Adli Tıp 3. İhtisas Kurulundan alınacak rapor ile Yüksek Sağlık Kurulu Kararı arasında sürekli iş göremezlik oranına yönelik görüş ayrılığı bulunduğu takdirde çelişkinin giderilmesi için dosyanın Adli Tıp Genel Kuruluna gönderilerek çıkacak sonuca göre karar verilmesi gerekir.

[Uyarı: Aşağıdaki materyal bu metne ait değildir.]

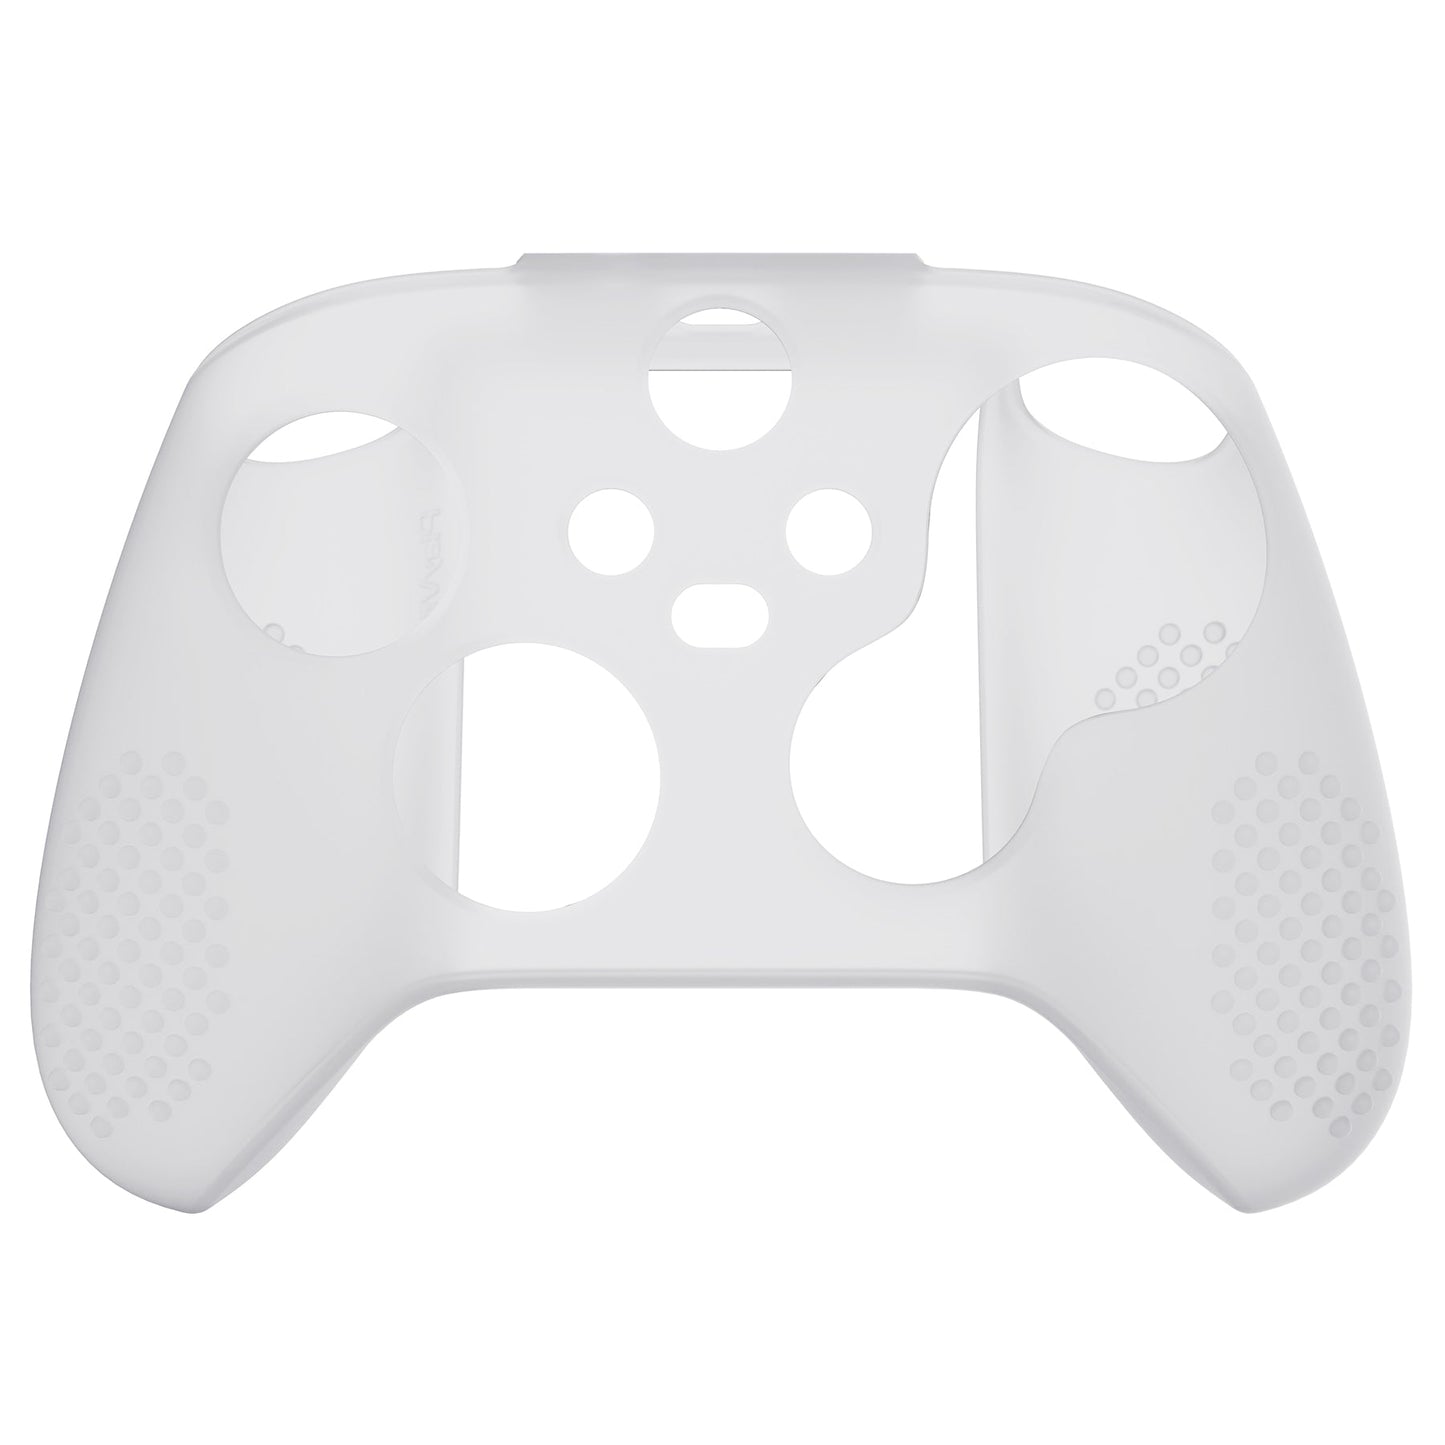 PlayVital Clear White 3D Studded Edition Anti-slip Silicone Cover Skin for Xbox Series X/S Controller, Rubber Case Protector for Xbox Series X/S Controller with 6 Clear White Thumb Grip Caps - SDX3012 PlayVital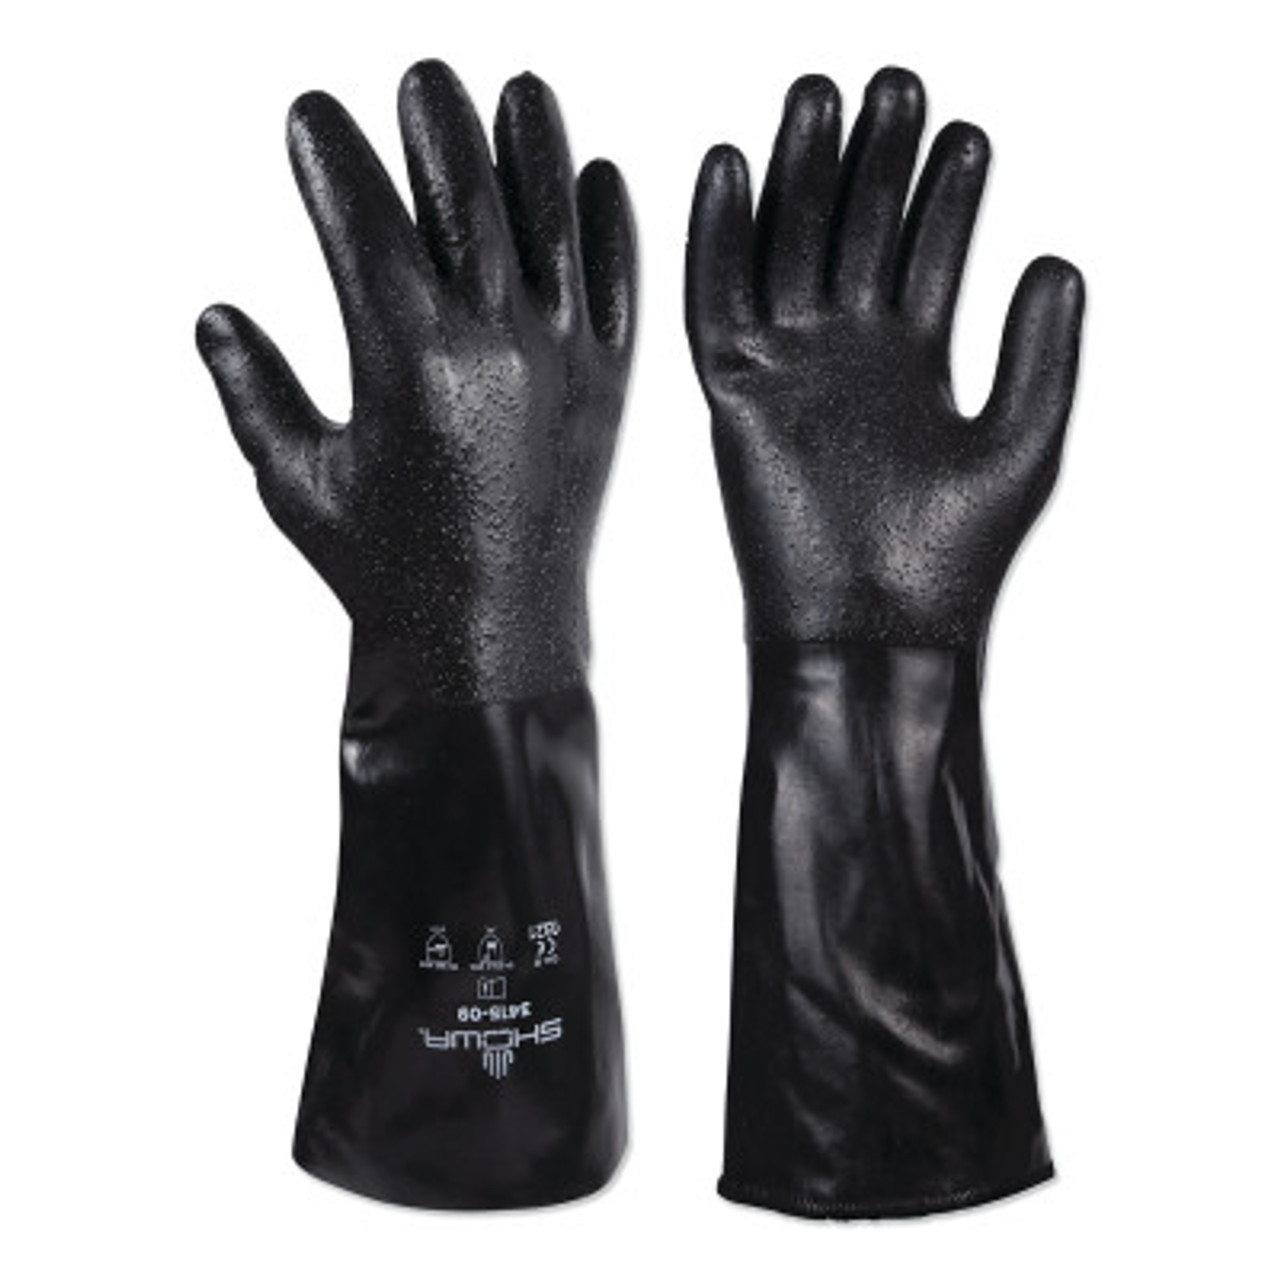 SHOWA 3416 Cut and Chemical Resistant Neoprene Gloves, Rough, Large ...

Somut olayda, iş kazası olduğu iddia olunan olayın Sosyal Güvenlik Kurumuna bildirilmediği anlaşılmaktadır. Kurumca sigortalıya gelir bağlanabilmesi için öncelikle zararlandırıcı olayın iş kazası niteliğince olup olmadığının tespiti ön sorundur. İş kazasının tespiti ile ilgili ihtilaf Sosyal Güvenlik Kurumunun hak alanının doğrudan ilgilendirmekte olup tazminat davasında kurum taraf değildir.
Yapılacak iş; davacıya iş kazasını Sosyal Güvenlik Kurumuna ihbarda bulunmak, olayın Kurumca iş kazası olarak kabul edilmemesi halinde Sosyal Güvenlik Kurumuna ve hak alanını etkileyeceğinden işveren aleyhine “iş kazasının tespiti” davası açması için önel vermek, tespit davasını bu dava için bekletici sorun yaparak çıkacak sonuca göre, olayın Kurumca iş kazası olduğunun kabul edilmesi halinde ise davacıya Kuruma müracaat ederek sürekli iş göremezlik oranının belirlenmesi önel vermek, sürekli işgöremezlik derecesi belirlenirken yukarda belirtilen prosedür uygulanarak çıkacak sonuca göre bir karar vermektedir.
Mahkemece bu maddi ve hukuki olgular nazara alınmaksızın olayın iş kazası olup olmadığı ve davacıda oluşan sürekli iş göremezlik oranı belirlenmeden karar verilmesi usul ve yasaya aykırı olup bozma nedenidir.
O halde, davalının bu yönleri amaçlayan temyiz itirazları kabul olunmalı ve hüküm bozulmalıdır.
SONUÇ:Hükmün yukarıda açıklanan nedenlerle BOZULMASINA, sair temyiz itirazlarının şimdilik incelenmesine yer olmadığına, 15/05/2014 gününde oybirliğiyle karar verildi.